The initial defense of Hasan’s emails as “fairly benign” is simply not defensible. The only explanation for why officials might reach that conclusion is that they simply did not know what they were looking at.
To review, Hasan repeatedly expressed what can only be described as a school-girl crush on Awlaki, who was known as a radicalizer in actual cases where Americans were driven to violence. Hasan even expressed a desire to send Awlaki money, tried to set up a $5,000 essay contest on the topic of “Why is Anwar Al Awlaki a great activist and leader,” and inserted Awlaki’s name in a laudatory manner into a Qur’anic verse. Hasan clearly expressed the view that Western forces were at war with Islam. And he sought Awlaki’s counsel on such questions as whether suicide bombings were acceptable, whether collateral damage was permissible in the course of a suicide attack, and–in his very first email–whether Hasan Akbar, who murdered fellow U.S. soldiers, might have been considered a martyr.
We are not claiming that understanding this correspondence better would have stopped the Fort Hood attack; counterfactuals are always a difficult game, and they risk overestimating what could have been done to prevent a tragedy. But at the very least, these emails should have triggered additional interest rather than being seen as “benign.” They were not benign; and Hasan was not asking the kind of questions that might naturally come up in the course of his professional duties. It is by understanding past mistakes that we can do better in the future, and writing off the Hasan/Awlaki correspondence as innocuous should be seen as a clear and unequivocal error now that the actual emails have been made public.
UPDATE, AUG. 5, 2012: In light of the above, it is worth noting what officials had said about Nidal Hasan back in 2009, shortly after the Fort Hood shootings. From the New York Daily News (with emphases added):
Agents pulled Hasan’s military records, but the FBI in a statement said his contact with Awlaki was “consistent with research” he was doing “as a psychiatrist at the Walter Reed Medical Center.”
“There was no indication that Maj. Hasan was planning an attack anywhere at all,” a senior investigator said last night.

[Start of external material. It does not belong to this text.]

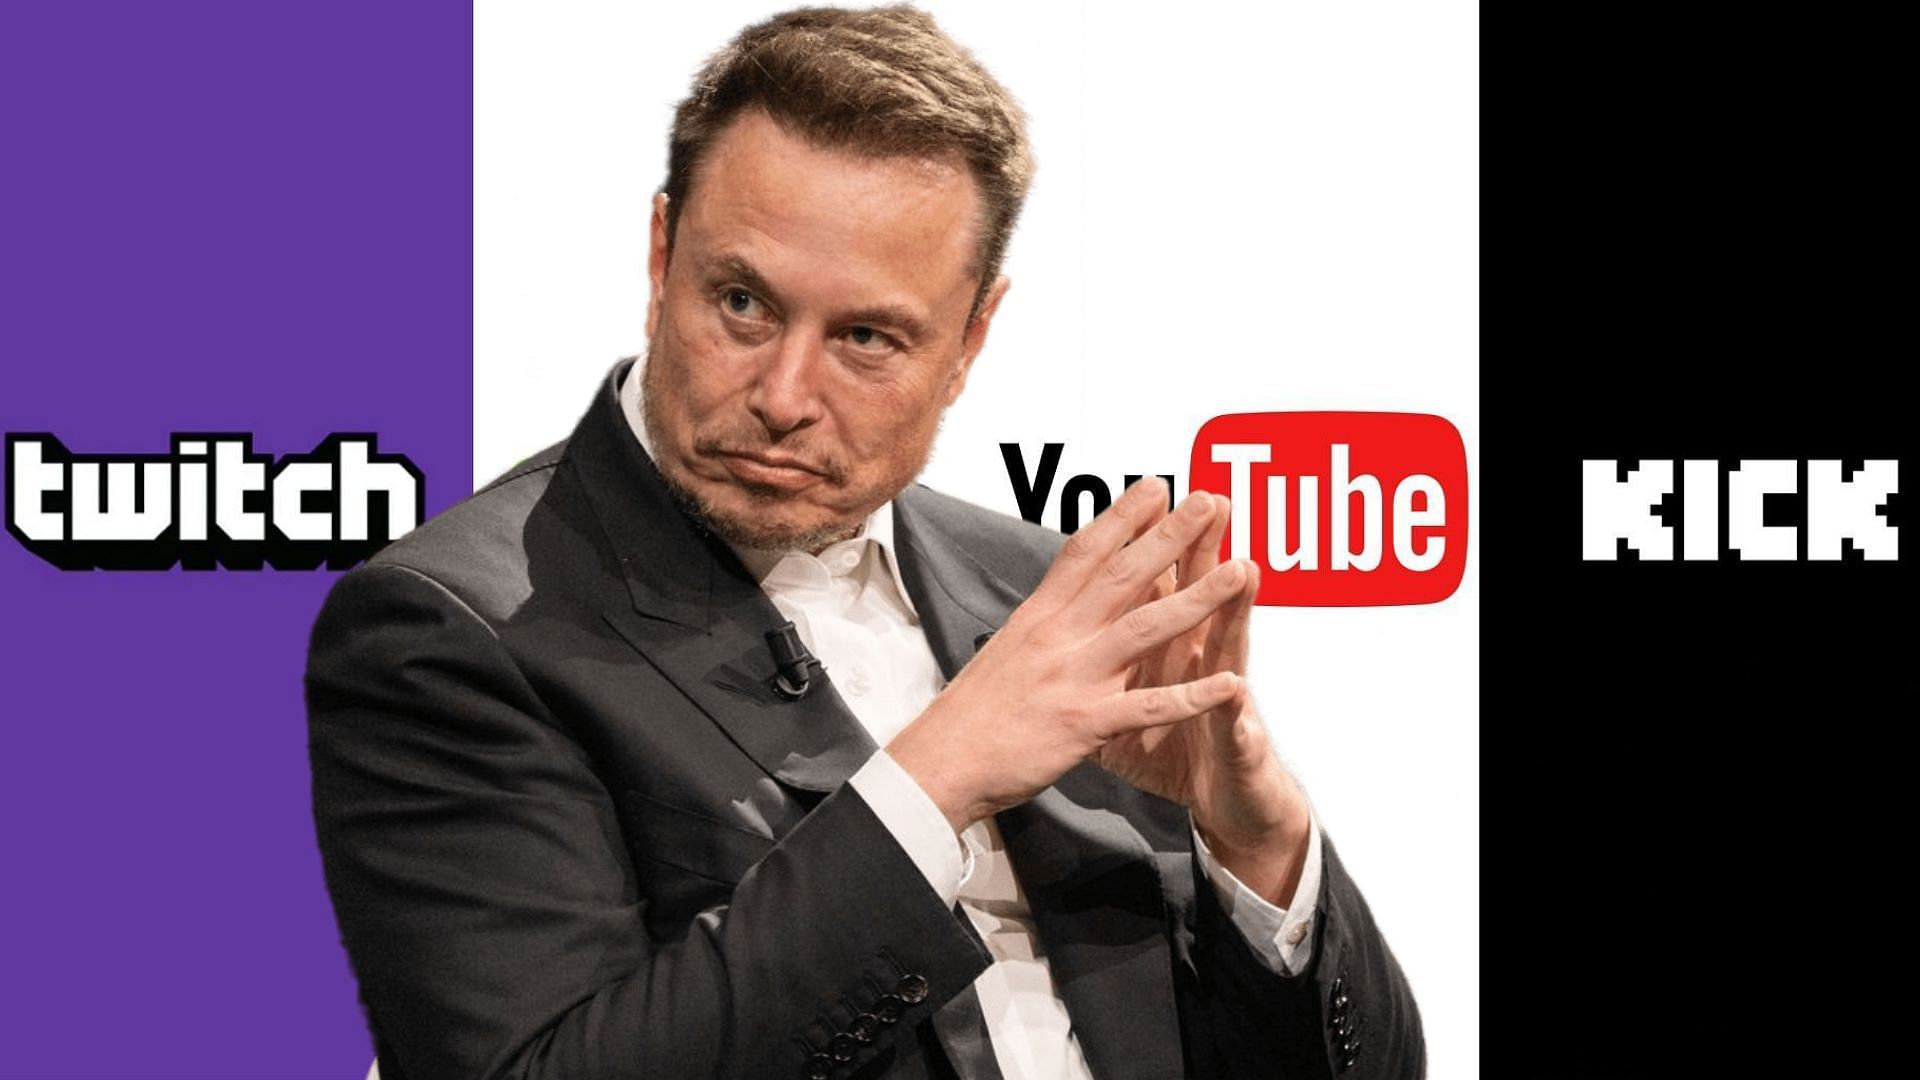 Elon Musk looking to take on Twitch, YouTube and Kick with livestreaming on X (Image via Twitch.tv, YouTube.com, Kick.com, Elon Musk/X)

The FBI shared the info with Army brass, who not only refused to boot Hasan from the service but promoted him – even after colleagues were stunned by his views on the wars abroad.
Needless to say, there are multiple problems with all the statements we have highlighted above.
UPDATE, AUG. 6, 2012: J.M. Berger weighs in with a couple of important points about the context of the Hasan/Awlaki email correspondence. We agree with both of his major points: our purpose was to undertake a content analysis of the correspondence rather than to claim that better understanding the red flags would have saved lives at Fort Hood. Often the ease with which terrorist events could have been averted is massively overestimated in the public sphere.